NEW YORK - As John Mackey’s dementia got worse, the costs were piling up for Sylvia Mackey.
Yes, her husband was a tight end good enough to be elected to the Hall of Fame. He was a star of the 1971 Super Bowl, when he caught a tipped 75-yard touchdown pass in the Baltimore Colts’ 13-10 win over Dallas.
But he made less than $500,000 in his 10-season career, less than a backup long snapper makes in one year these days. The cost of his care was escalating and his wife had to augment his pension of less than $2,500 a month and what’s left from the sale of their California home by working as a flight attendant for United Airlines.
So Sylvia Mackey, who had met both Paul Tagliabue and his wife, Chan, wrote to the former commissioner, then in the final days of his tenure. Both Tagliabues adopted the cause immediately and new commissioner Roger Goodell supported it enthusiastically when he took over in September.

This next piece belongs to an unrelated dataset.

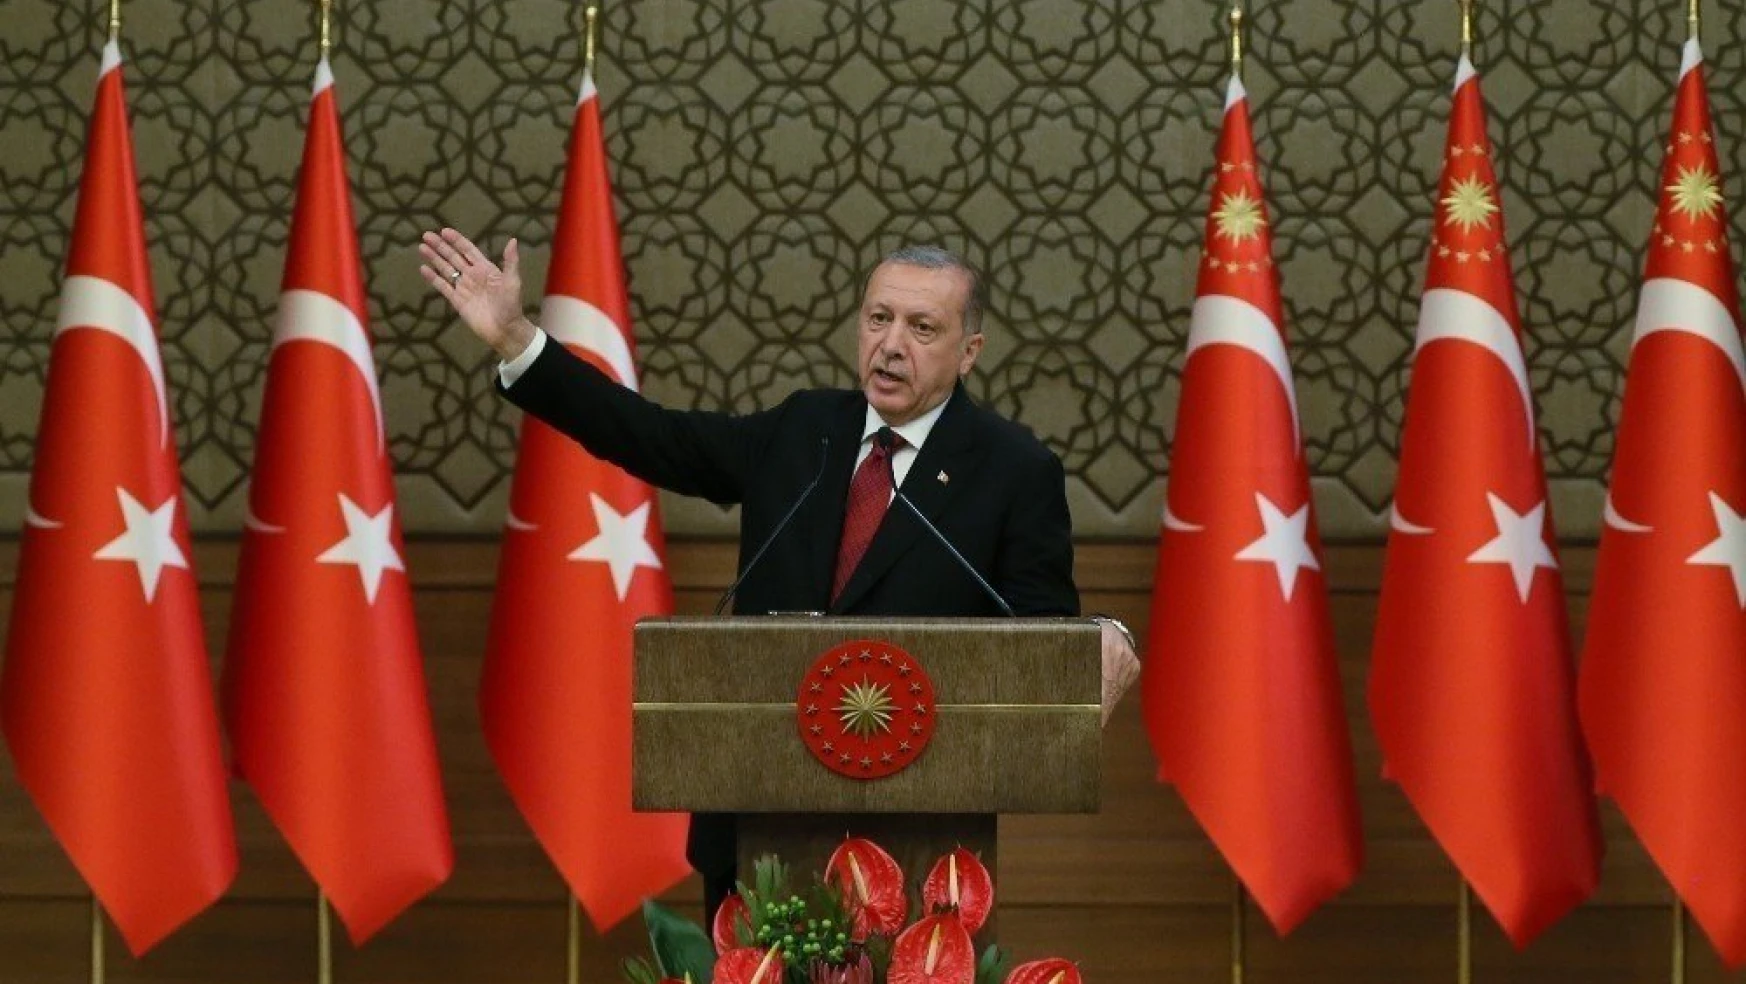 Başkan Erdoğan yeni sistemin ilk kabinesini açıkladı

“I told Paul he could do one more great thing for the NFL and its players,” Sylvia Mackey said.
The result is the “88 Plan,” which has been written into the labor agreement ratified last year and provides up to $88,000 a year for nursing care or day care for ex-players with dementia or Alzheimer’s disease, or $50,000 for home care.
The $88,000 and the name of the plan is for Mackey’s number, 88. It originally was to be $85,000, but Gene Upshaw, the executive director of the NFL Players Association, suggested that 88 would be a fitting testament to the man whose wife initiated the program.

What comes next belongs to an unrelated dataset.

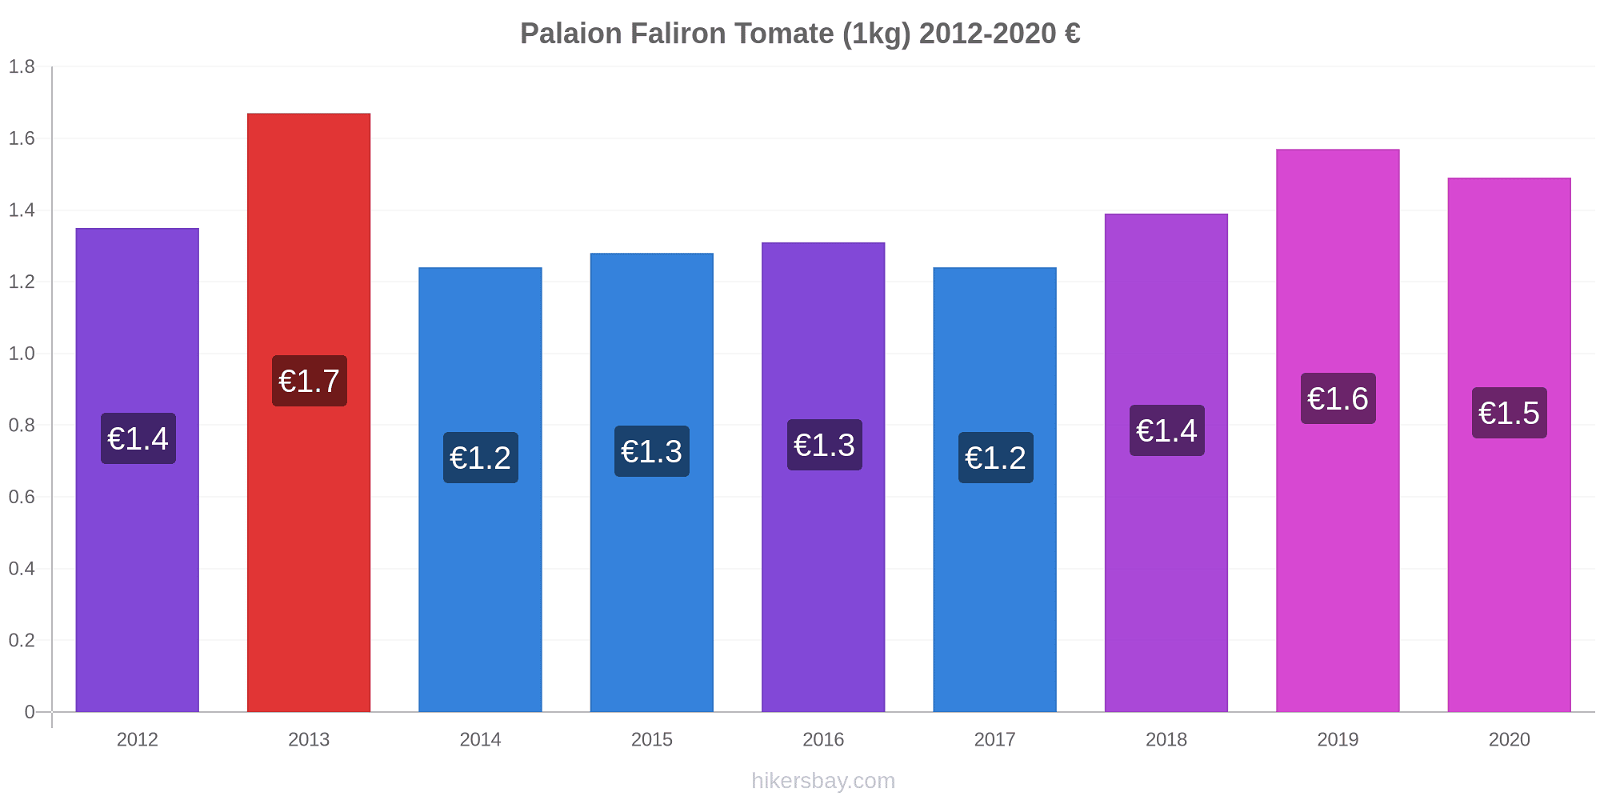 Palaion Faliron modificări de preț Tomate (1kg) hikersbay.com

No one involved with the program claims Mackey or any other ex-NFL player with dementia or Alzheimer’s is in such a condition because of hits sustained while playing. The NFL, Sylvia Mackey and Upshaw all say the players might be victims of ailments common to elderly people — at 65, Mackey is the youngest suffering from dementia that the league knows about.

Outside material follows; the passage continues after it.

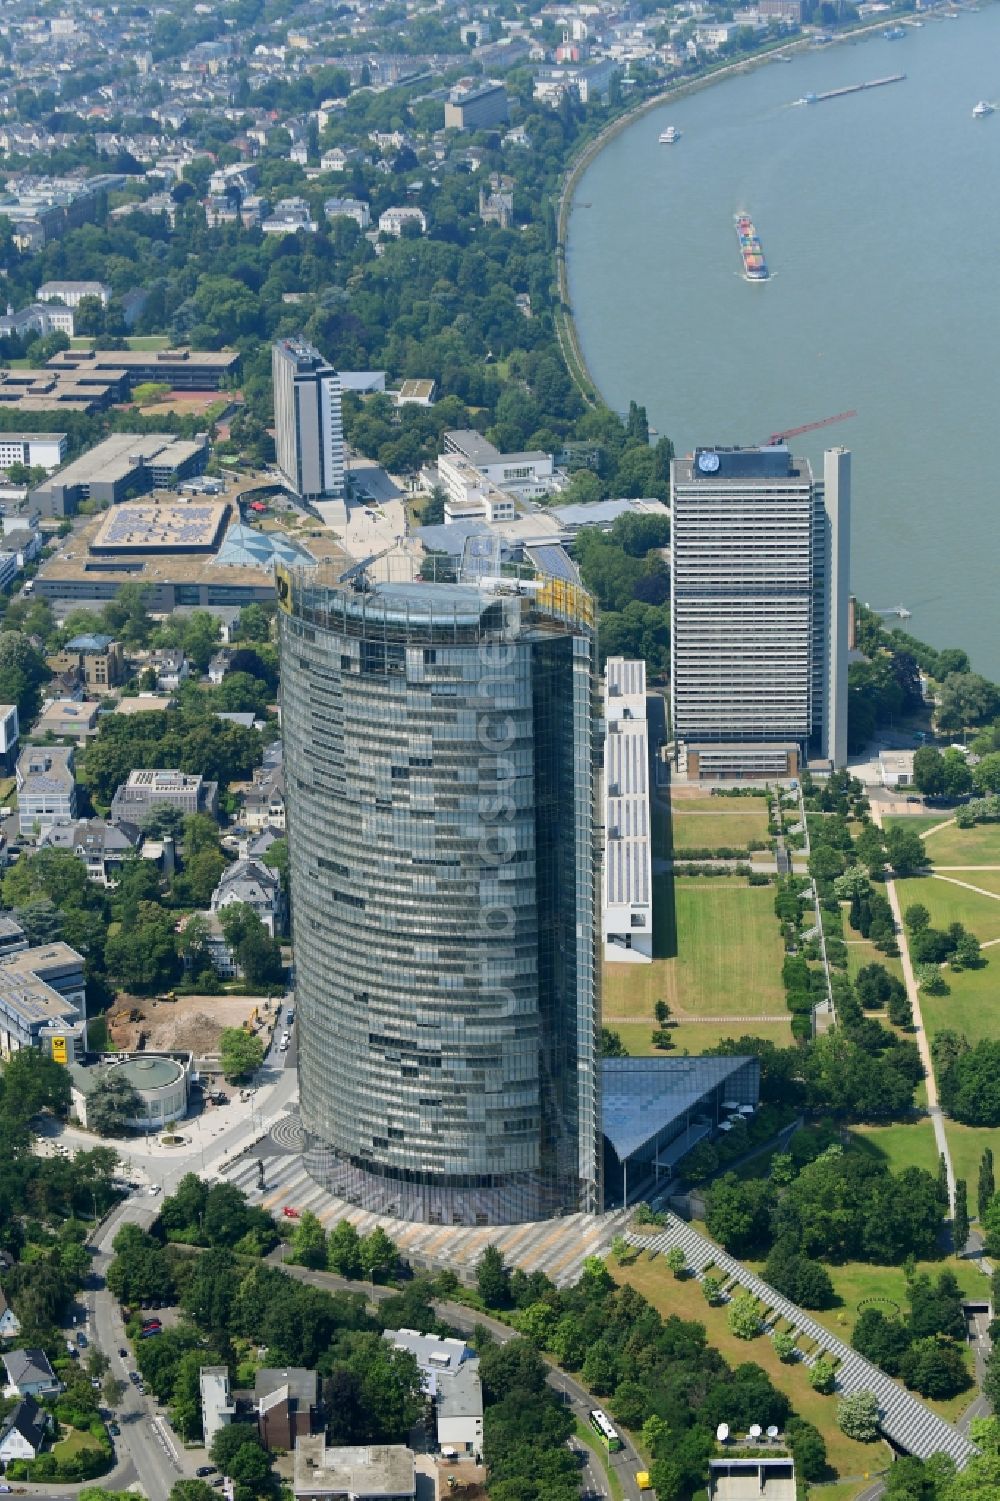 Bonn aus der Vogelperspektive: Büro- und Unternehmensverwaltungs- Hochhaus- Gebäude Post Tower in Bonn im Bundesland Nordrhein-Westfalen, Deutschland

“We would describe the goal of the plan ... to provide resources to former players and their families for care and treatment of a debilitating disease that affects many elderly people,” NFL spokesman Greg Aiello said. “The league and players association both believe this was an area that needed to be addressed because of the growing population of aging former players. It is a matter of addressing a need, without regard to cause or circumstances.”
Upshaw, a Hall of Fame guard who played for the Raiders from 1967-81, notes that when he played, anyone knocked out was told simply that he had his “bell rung.”
“You’d get hit in the head, they’d give you smelling salts and tell you to get back in there,” he said.
But some research indicates a link between football and problems later in life. A 2003 University of North Carolina study found that 263 of 2,500 retired NFL players studied — more than 10 percent — said concussions may have had a permanent effect on their ability to think and remember as they got older.
A forensic pathologist who studied the brain tissue of Andre Waters after his suicide last November at age 44 concluded he had brain damage that resulted from multiple concussions during 12 years as an NFL safety. The Boston Globe and New York Times reported in February that 34-year-old Ted Johnson, who spent 10 years as a linebacker with the New England Patriots, shows early signs of Alzheimer’s.
Johnson said he began to deteriorate in 2002 with a concussion during an exhibition game against the New York Giants. He said he had another concussion four days later after coach Bill Belichick prodded him to participate in a full-contact practice, even though he was supposed to be avoiding hits.
Belichick told the Globe he got no cue from Johnson in practice that he was hesitant about participating in the full-contact drill.